Several big iron ore contracts are set to expire at the end of this month. According to a recent Financial Times article, “Macquarie, the Australian bank, said Rio was committed to securing a price in excess of the 85-95 per cent the market is expecting. That stance suggests investors should be prepared for an extended and potentially hostile conclusion to the negotiations, it said in a report.” To add salt to the wound, according to this Forbes article, BHP Billiton has also been looking for a “freight premium to reflect the lower cost of shipping ore to China from their mines in Australia than from Brazilian mines.” I had to re-read that last sentence a couple of times. In short, BHP Billiton because it is closer to China (Australia vs. Brazil) wants to make sure that any potential savings the Chinese receive in freight is lost in material (resulting in more profits for BHP Billiton). But Vale, the Brazilian producer only received a 65% increase, according to the same article.
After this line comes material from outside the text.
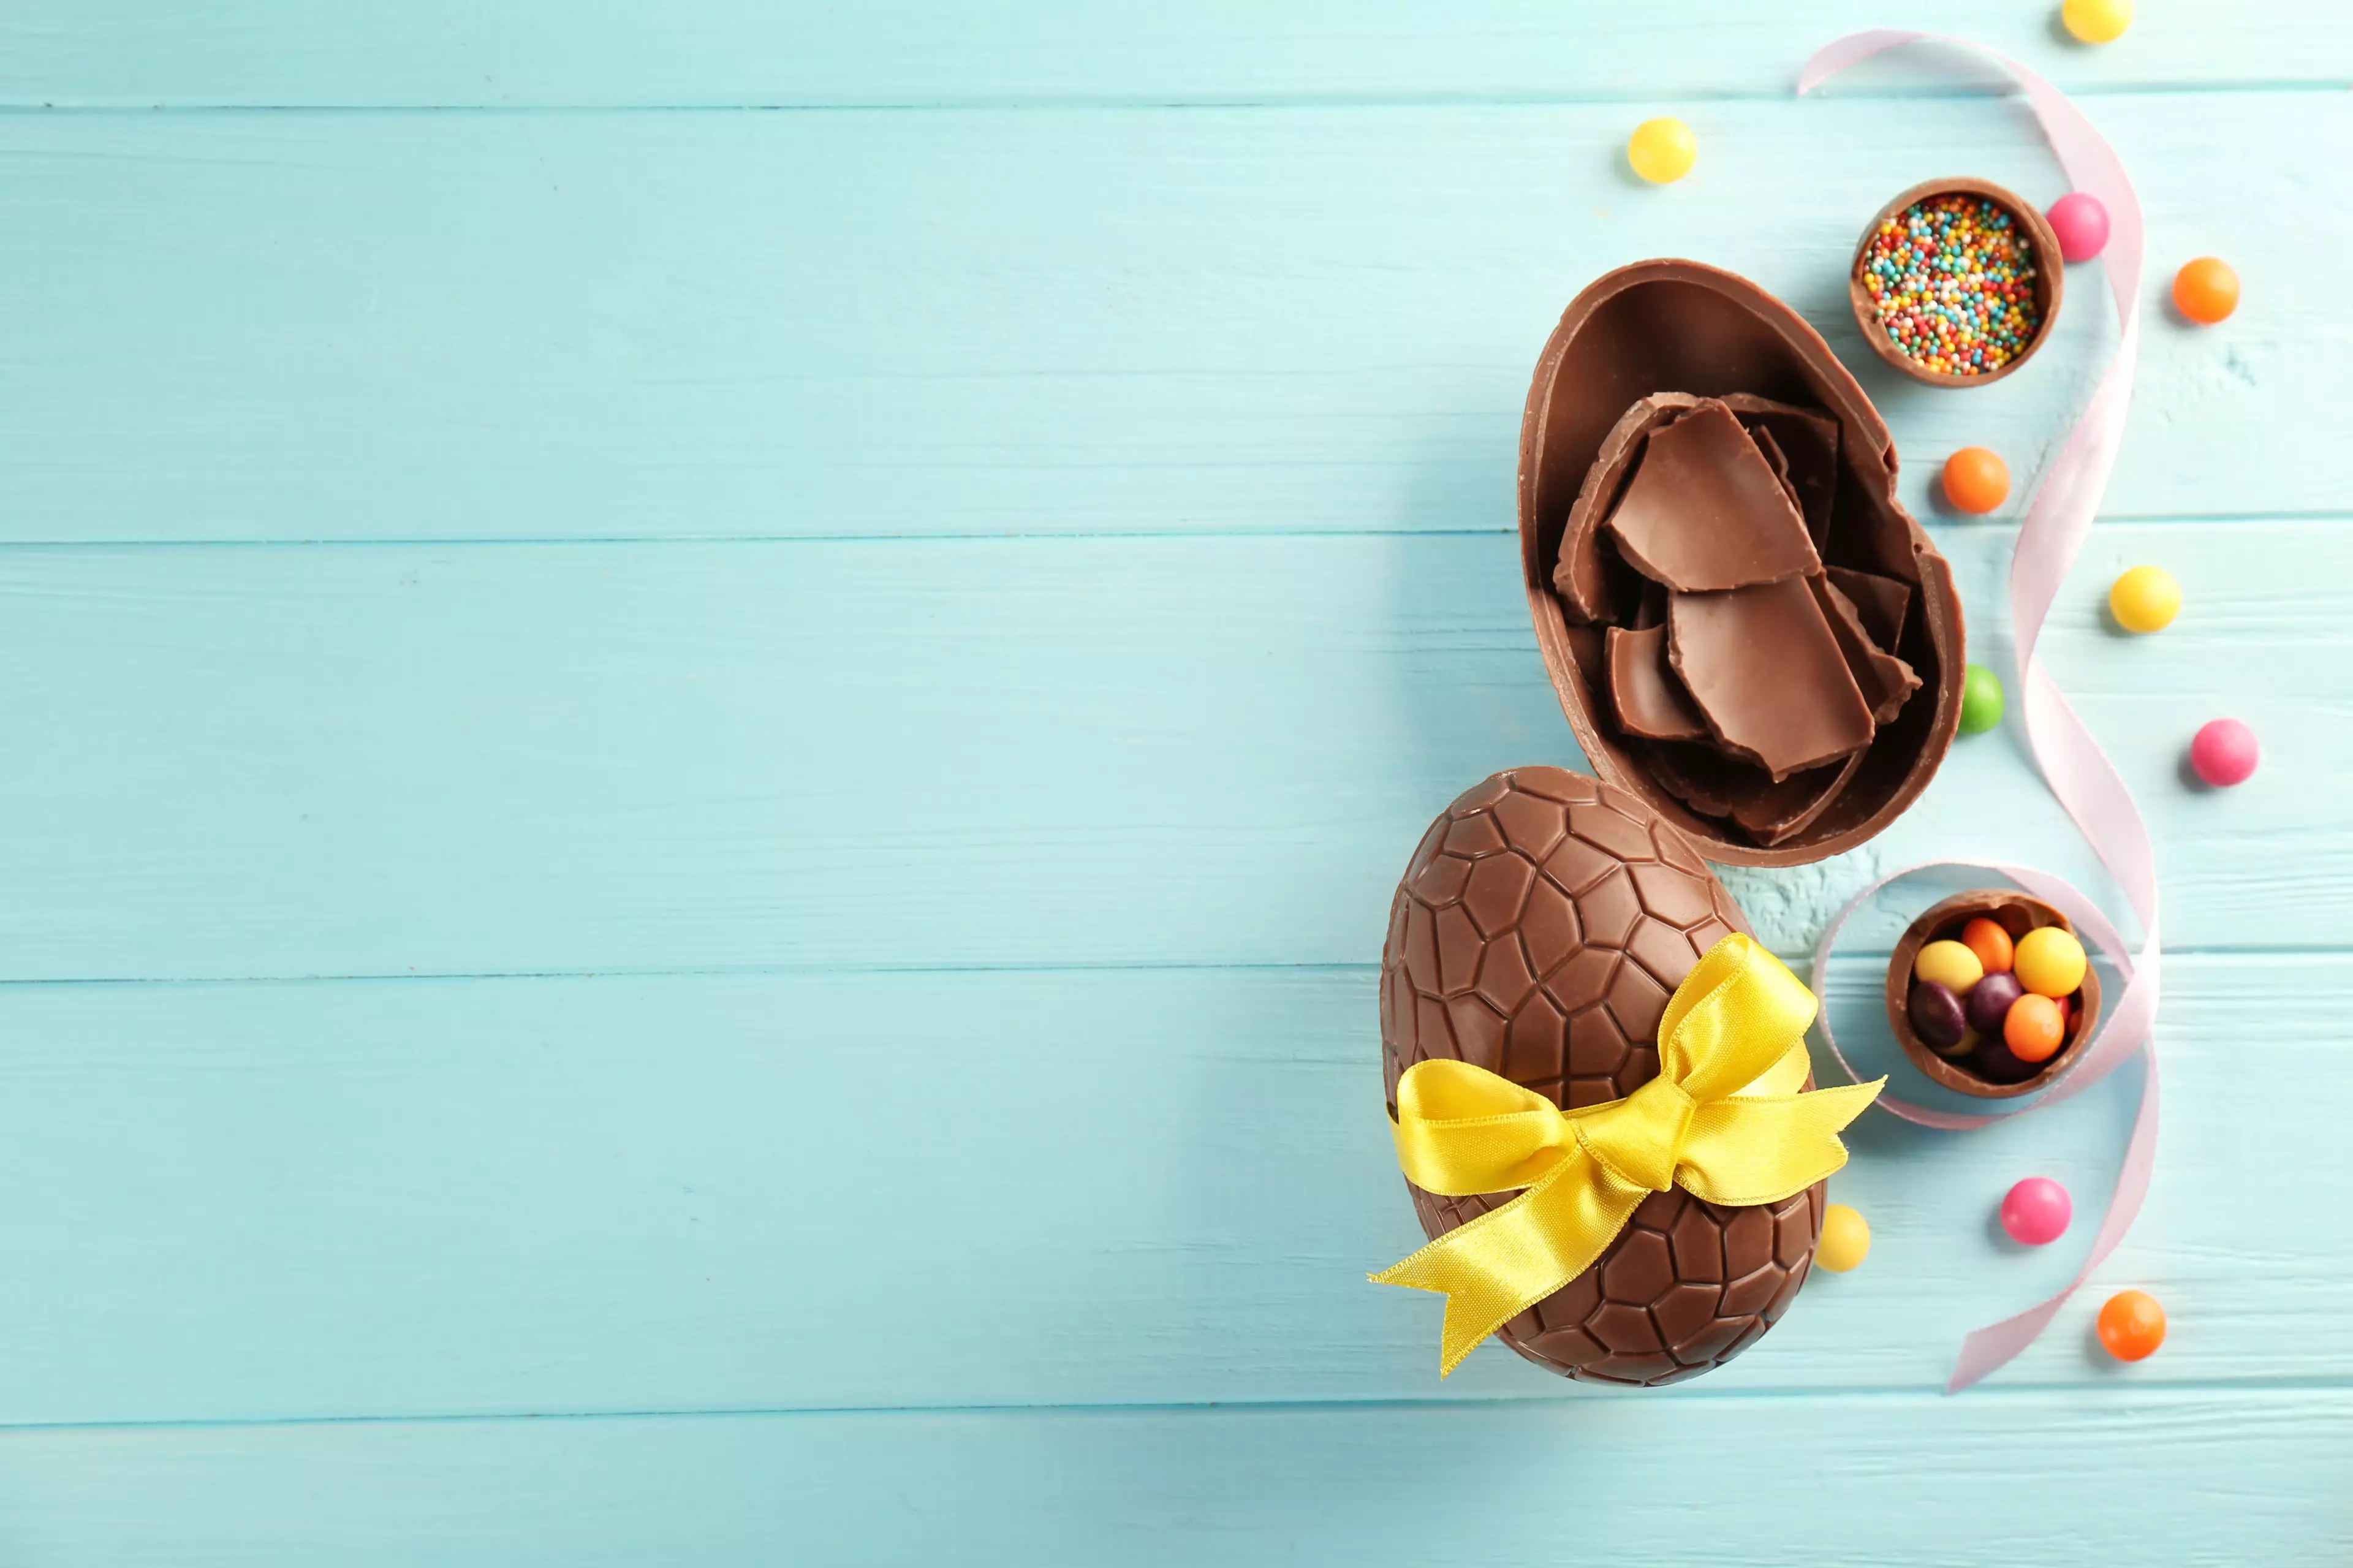 Each tasting officer will receive a selection 10 Easter eggs (

This news should come as no surprise. In fact, we covered it back in early April. Secretly I’m pleased to learn the Chinese aren’t just going to take this and instead, will likely postpone orders for as long as possible in retaliation against the iron ore producers who would then force the Chinese to buy off the [much more] expensive spot markets. The Forbes article quotes Lehman Brothers, “each 10 percent change in the iron ore contract price should result in a 9 percent change in Rio Tinto’s earnings and a 3.5 percent change in BHP Billiton’s earnings.”
I wonder what Lehman’s earnings analysis for Rio Tinto and BHP Billiton looks like when Chinese orders drop off for a quarter or more? Now that would be fun to watch!